### The task:
From top to bottom, print the listing word for word and skip any pictures it contains.

### Recorded data:
■ ■ ■ ■ ■
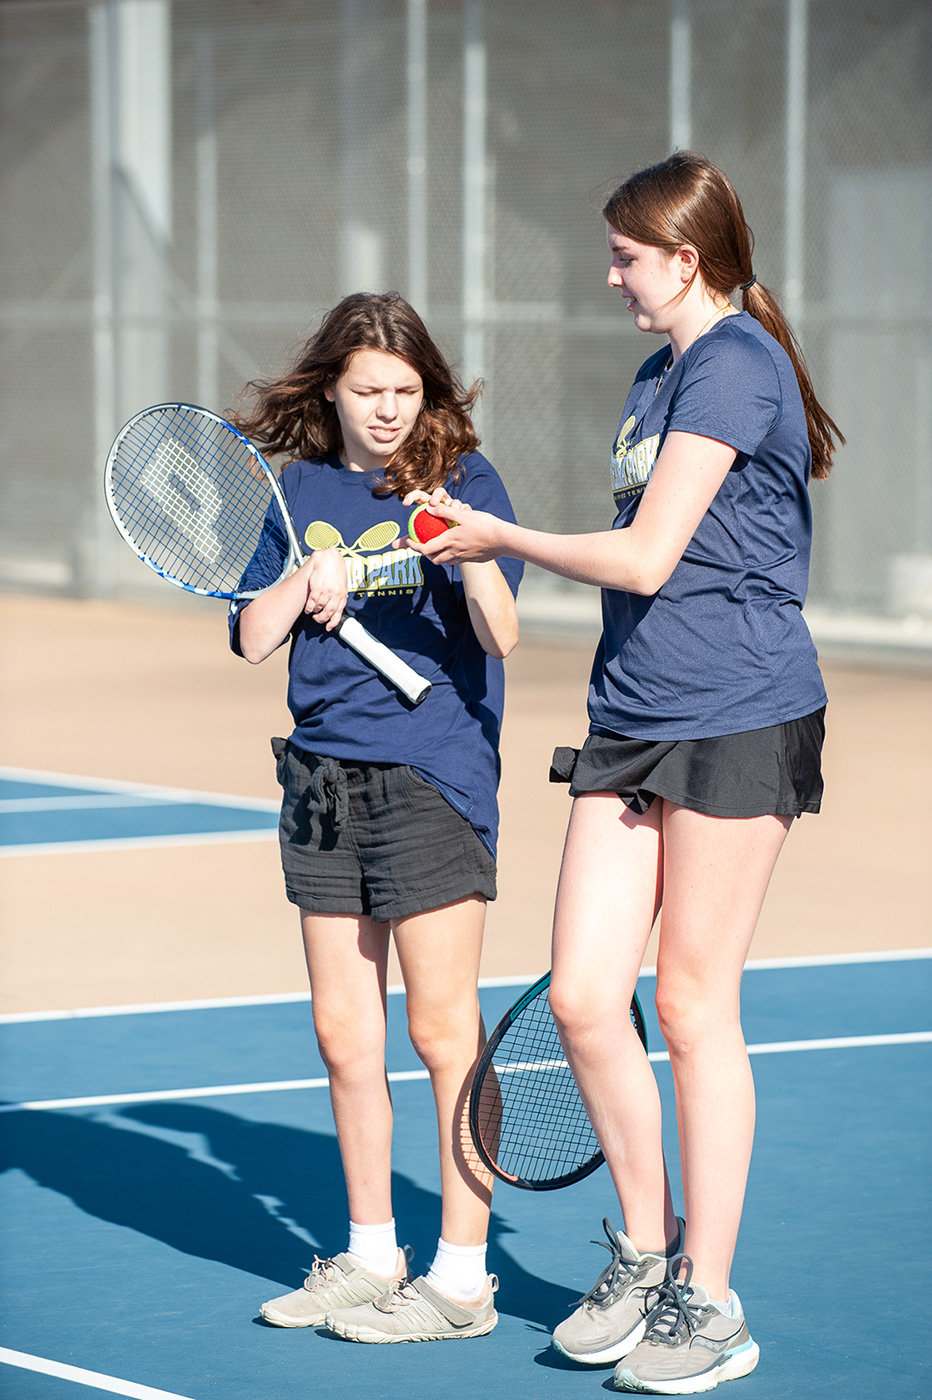 Three schools competed in unified tennis practices at Severna Park High School during the fall.
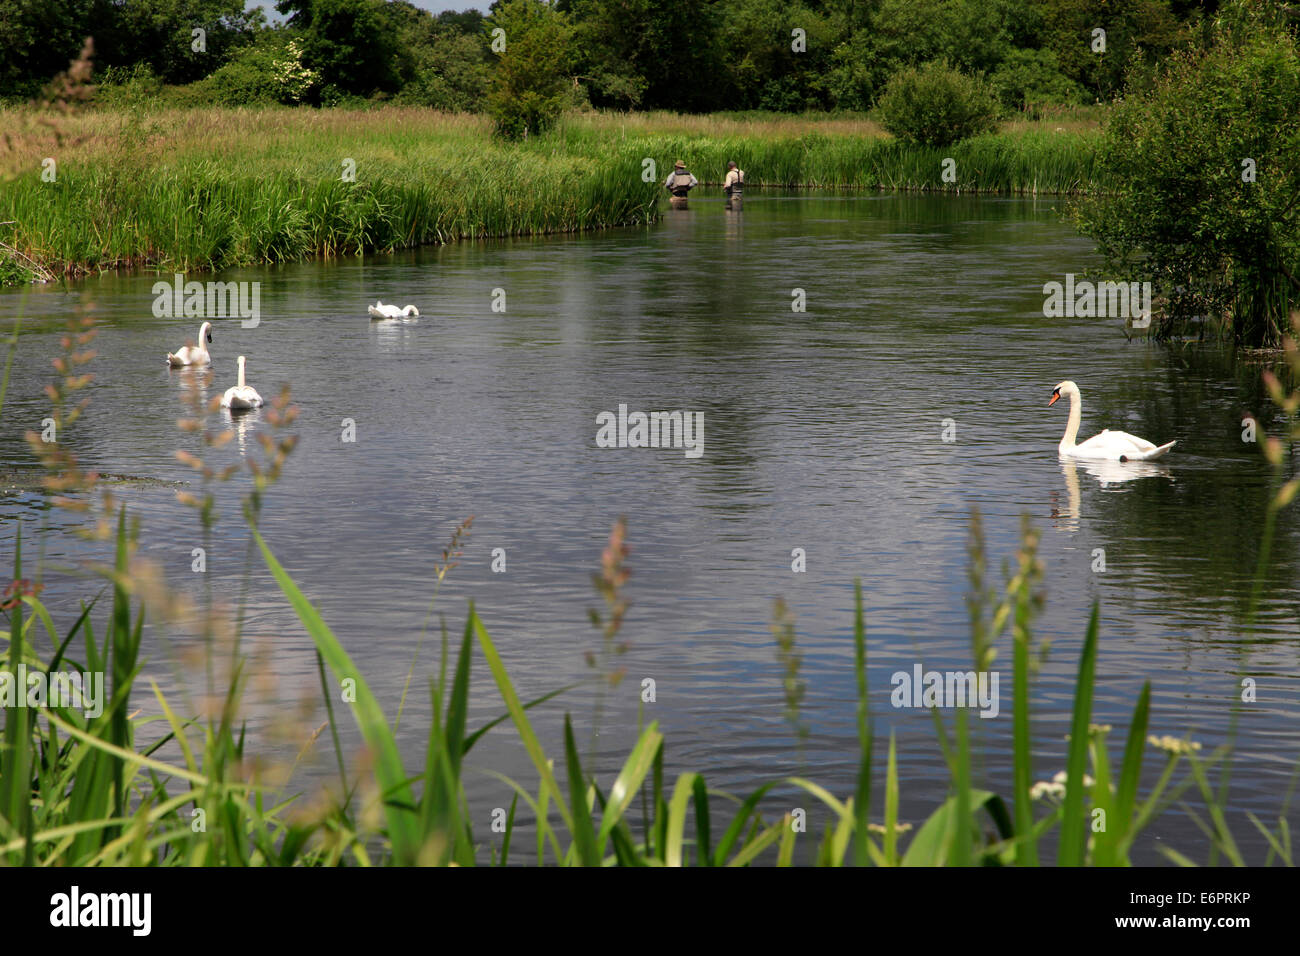 The River Wylye near the village of Great Wishford in Wiltshire, England. Stock Photo
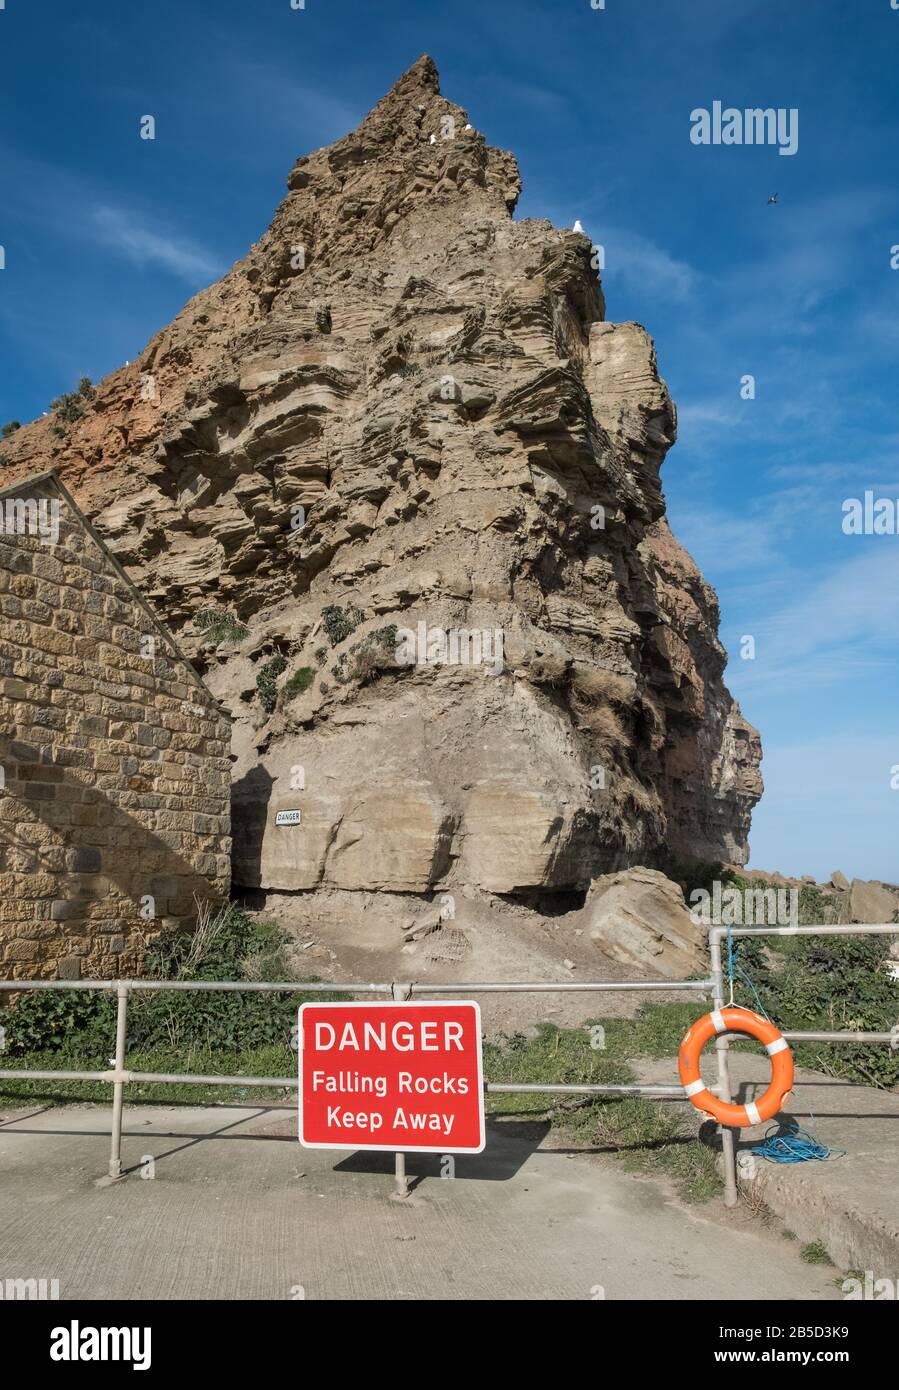 Danger sign for falling rocks, Staithes, North Yorkshire, UK Stock Photo
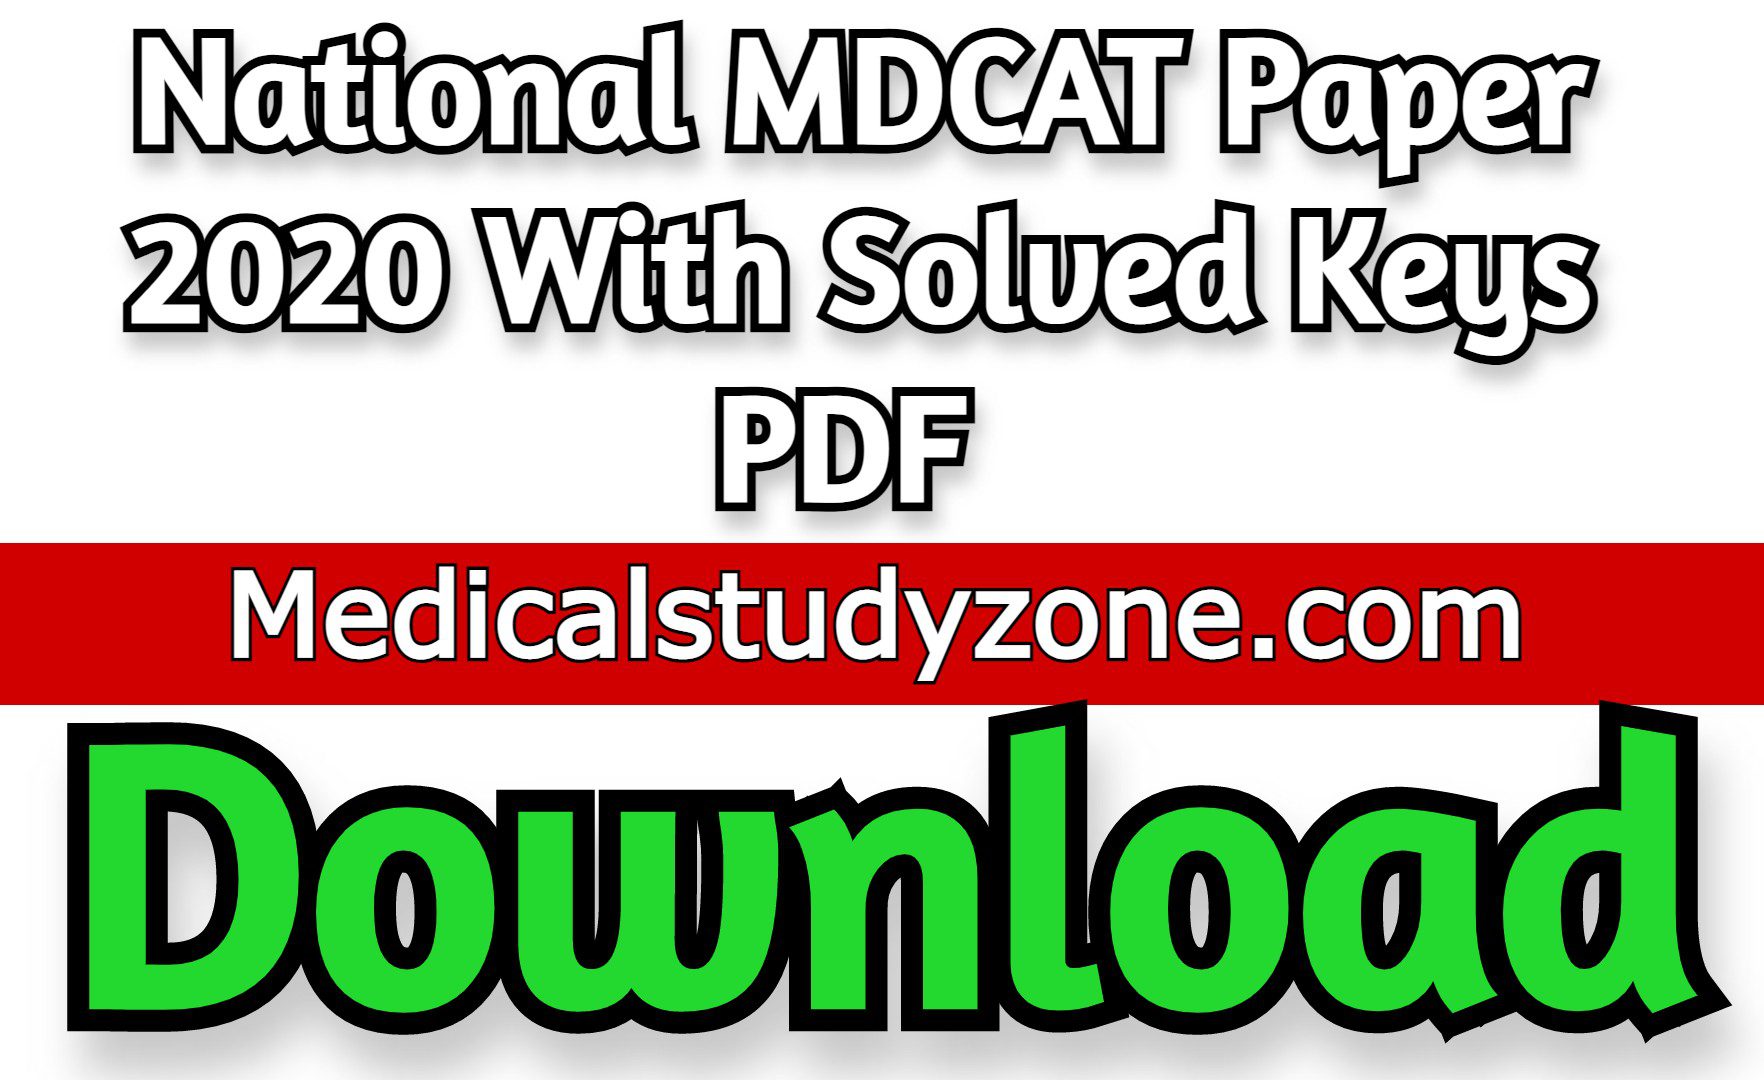 National MDCAT Paper 2020 With Solved Keys PDF Free Download
■ ■ ■ ■ ■
### Solution to this task:
 Three schools competed in unified tennis practices at Severna Park High School during the fall.
 The River Wylye near the village of Great Wishford in Wiltshire, England. Stock Photo
 Danger sign for falling rocks, Staithes, North Yorkshire, UK Stock Photo
 National MDCAT Paper 2020 With Solved Keys PDF Free Download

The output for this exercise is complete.